Andy undressed me quickly and efficiently. When I was naked he slid a bag over my head. He began dressing me again. The bag was there to protect the clothes from the makeup painted on my face. It was loose and easy to breathe under, but still I sucked in air greedily, feeling giddy. It’s really happening, I thought. Benoit is really going to shoot me. I tried to picture what it would be like, what I might be like on set, but I could only see a blond woman with an indistinct face, and arms and legs that looked a little like mine.

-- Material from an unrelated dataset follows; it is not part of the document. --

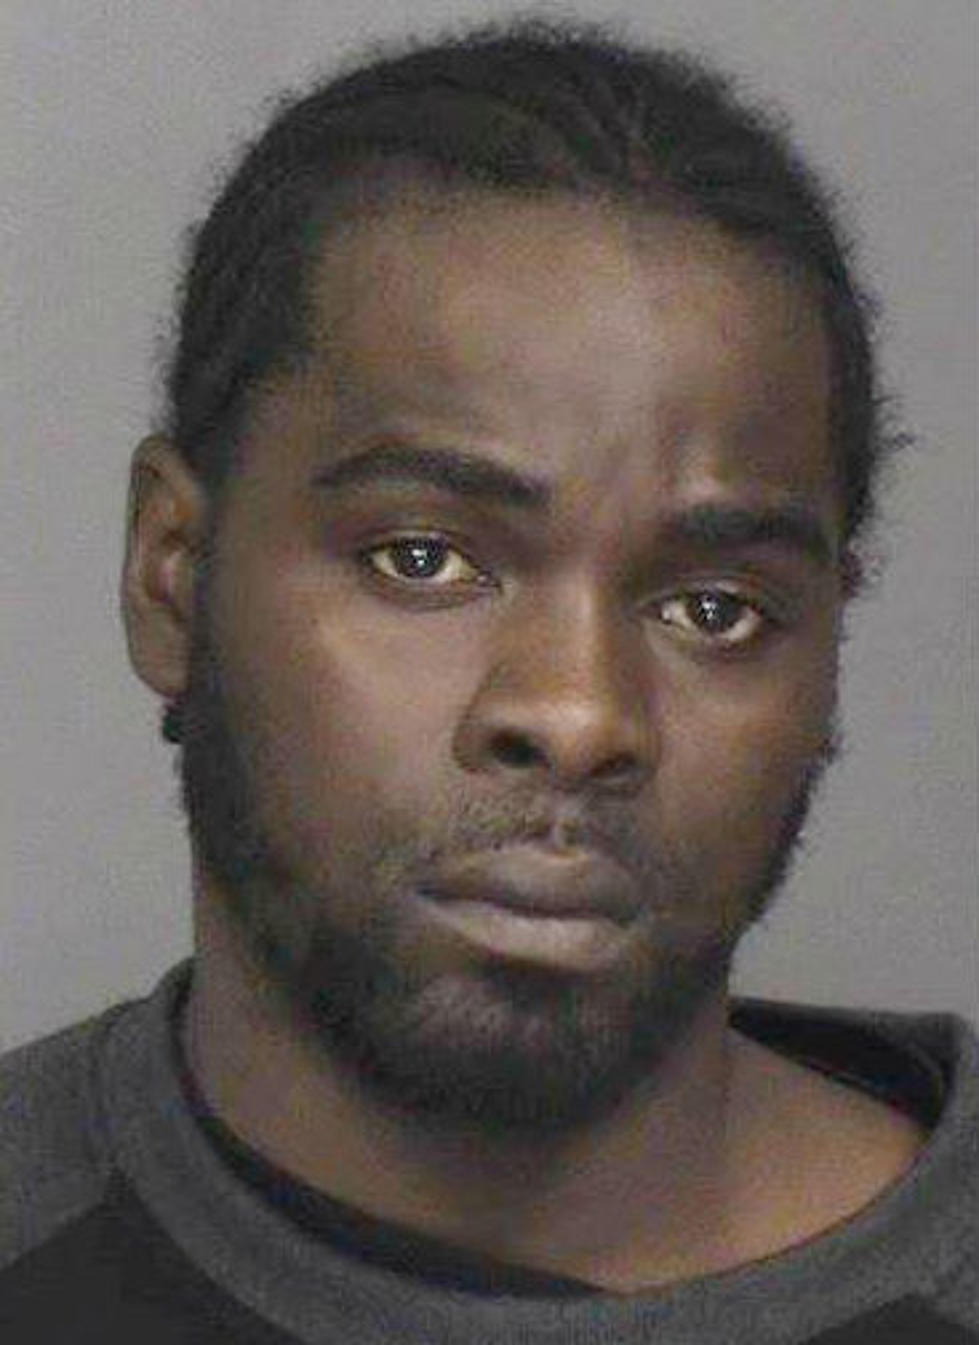 Man Arrested After Allegedly Bringing Package of Cocaine to JFK Middle School in Utica

At some point, without me realizing, Andy had floated away.
“Can I take this off now?” I asked, to no one in particular, touching the top of my bag. There was no answer so I just stood there, swaying, listening to my heart beat. I was smiling under that bag, like an idiot. Just so happy to be there.
Eventually I felt Andy come back to me. He laughed.
“Oh, sweetie, you can take that off now.”
He lifted the bag slowly and carefully from my head so it didn’t mess up my hair. I was wearing full-bottom silk panties in pale lavender (ERES), and a thin white wifebeater that scooped low towards my breasts (James Perse). Andy had me brace myself against his back while he helped me into a pair of white socks, which he folded down around my ankles. I’d forgotten about this: how people stopped expecting you to complete basic tasks like putting socks on by yourself once you entered set as a model. I pretended I was a queen, being dressed by her servants.